Give the listing again exactly, skipping any pictures it holds.

■ **MATERIAL PROVIDED**
----

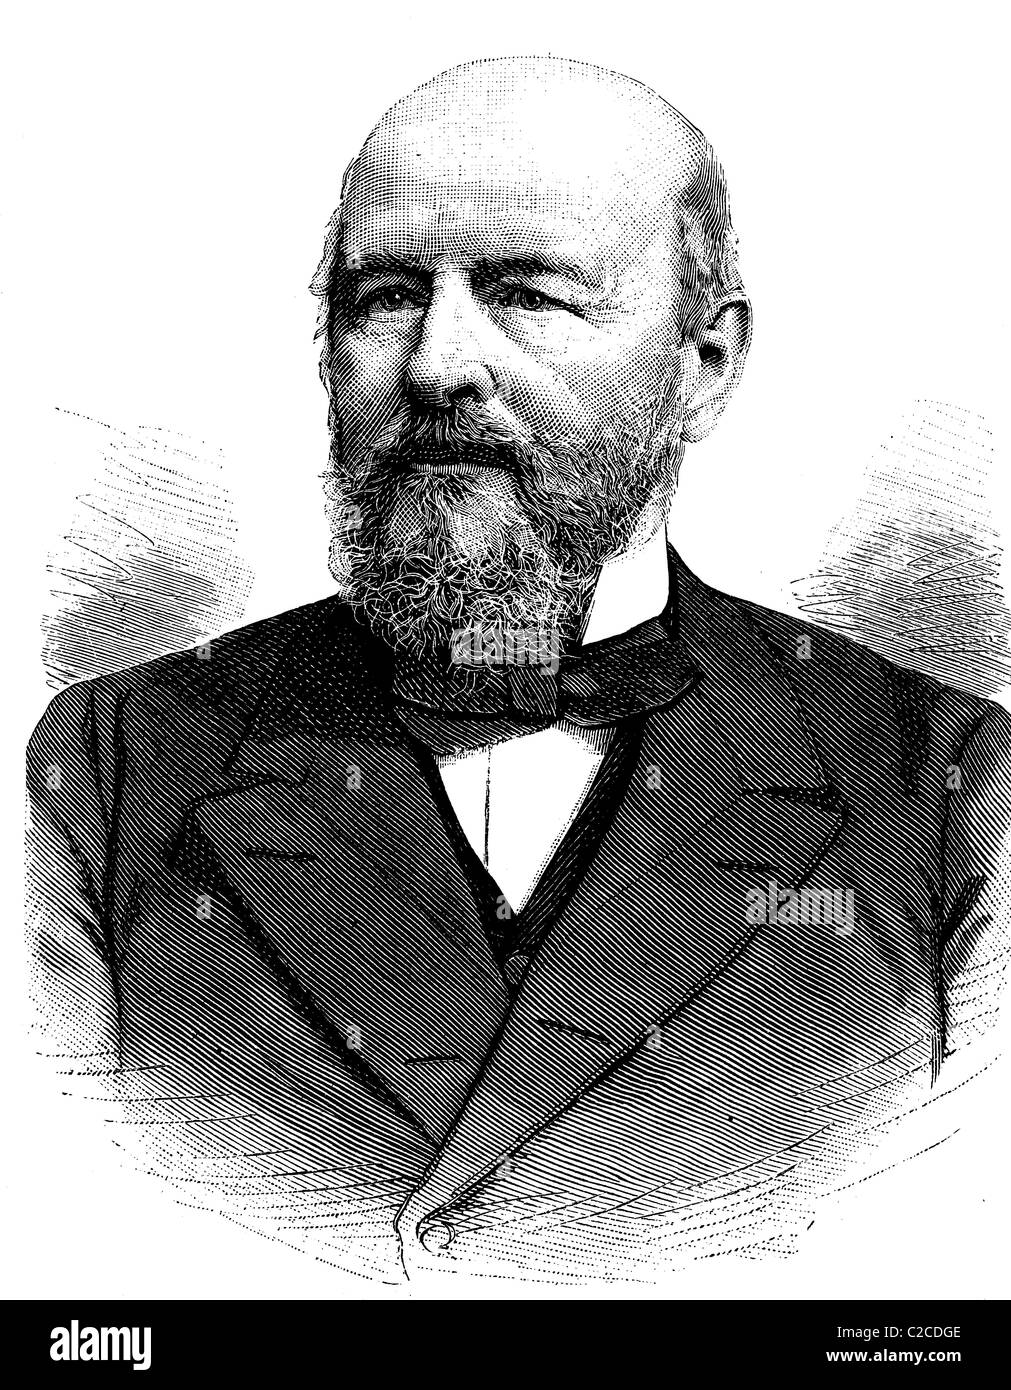 Botho Graf zu Eulenburg, 1831 - 1912, Prussian Prime Minister and Minister of the Interior, historical illustration circa 1893 Stock Photo
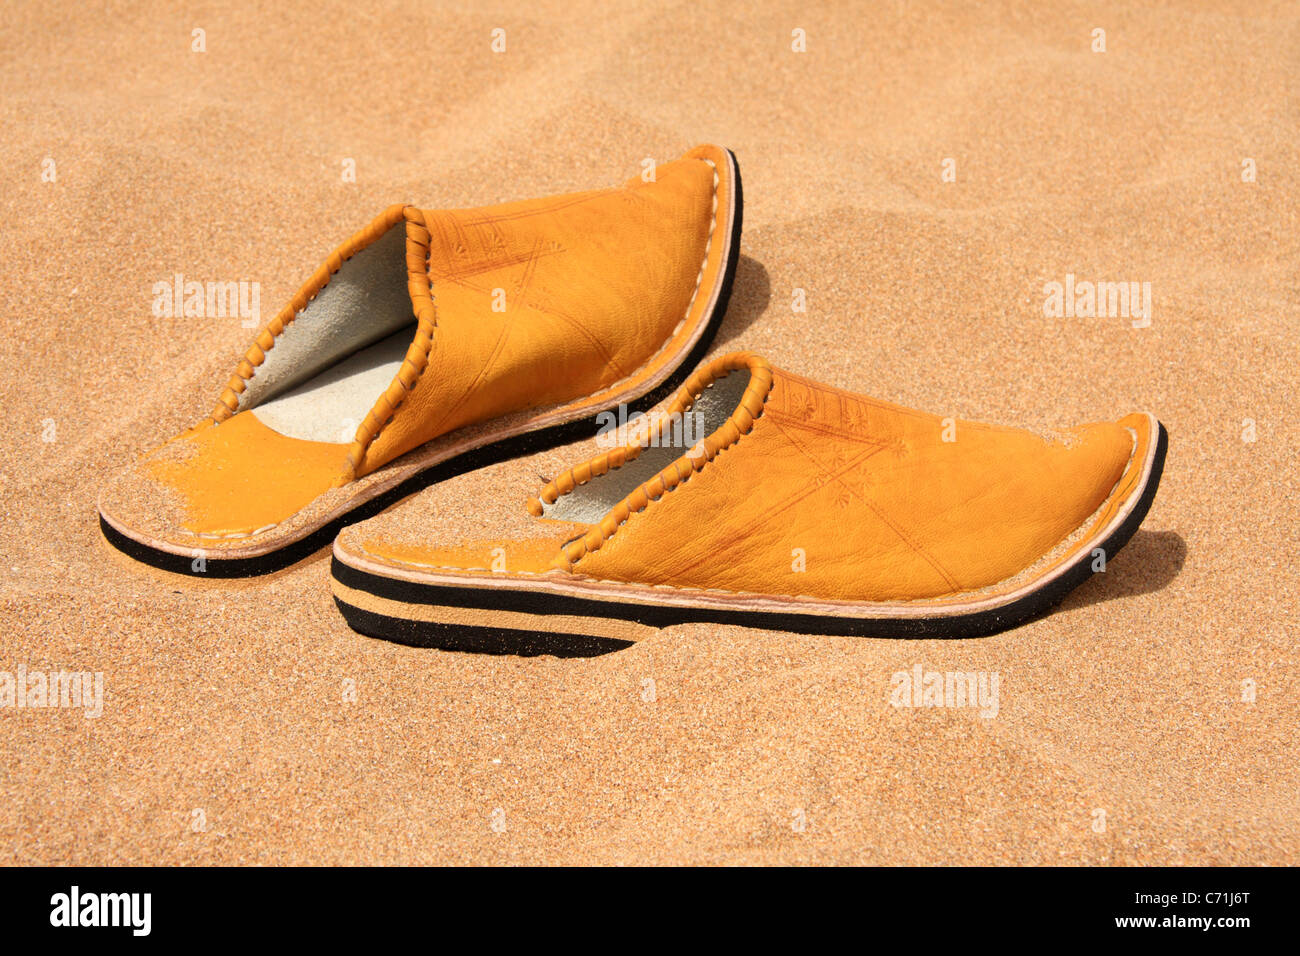 Traditional Moroccan slippers shoes (babouches) on a Moroccan beach. Stock Photo
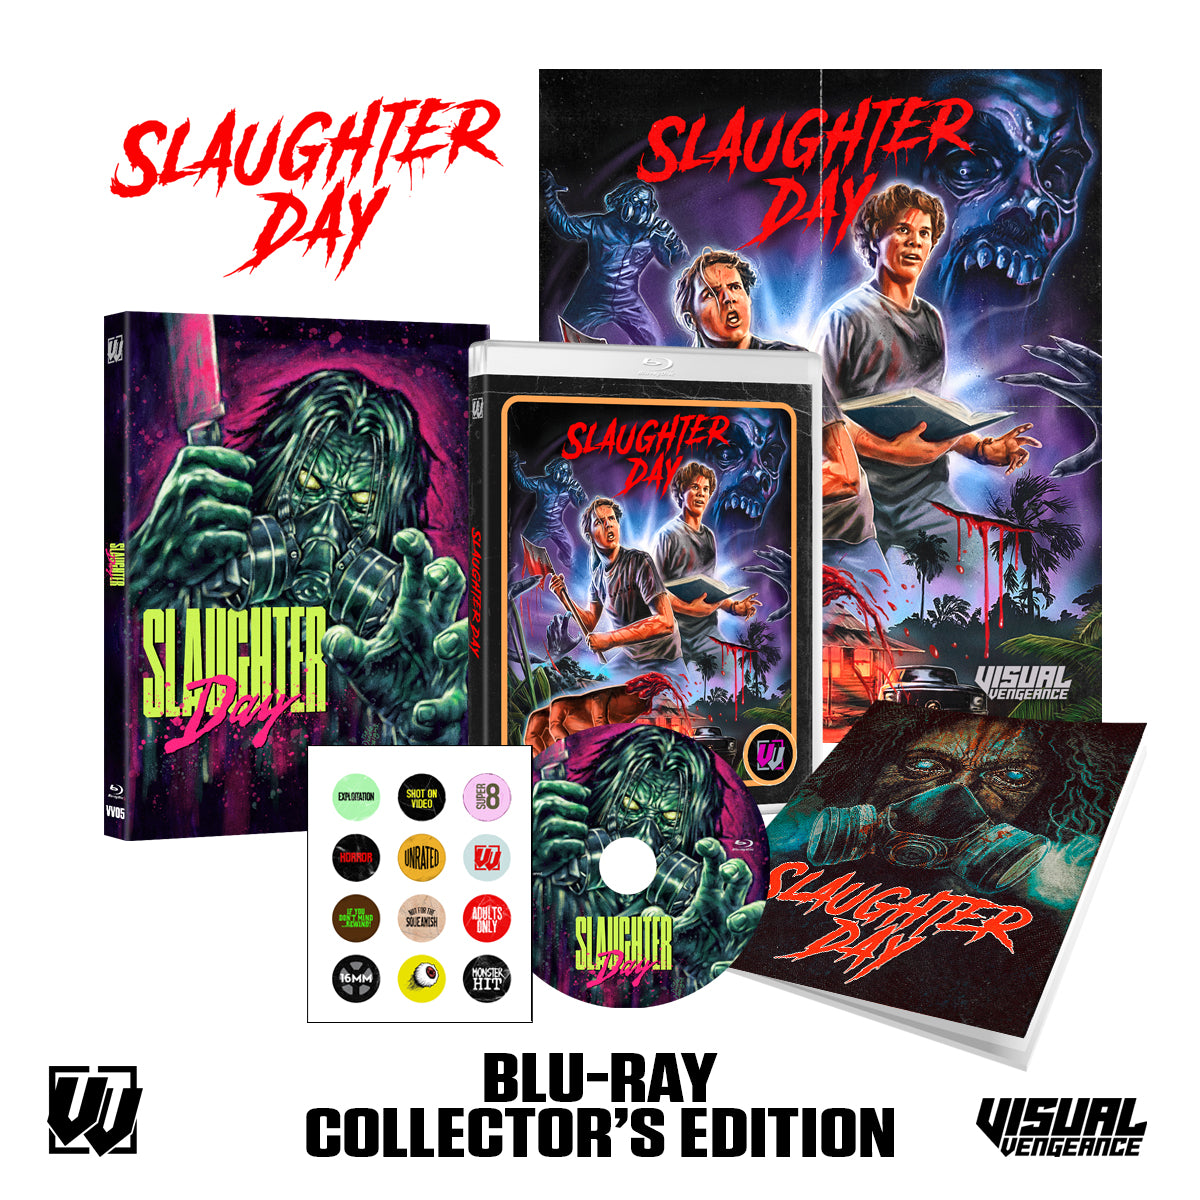 SLAUGHTER DAY BLU-RAY

----

■ **FINAL ANSWER**
 Botho Graf zu Eulenburg, 1831 - 1912, Prussian Prime Minister and Minister of the Interior, historical illustration circa 1893 Stock Photo
 Traditional Moroccan slippers shoes (babouches) on a Moroccan beach. Stock Photo
 SLAUGHTER DAY BLU-RAY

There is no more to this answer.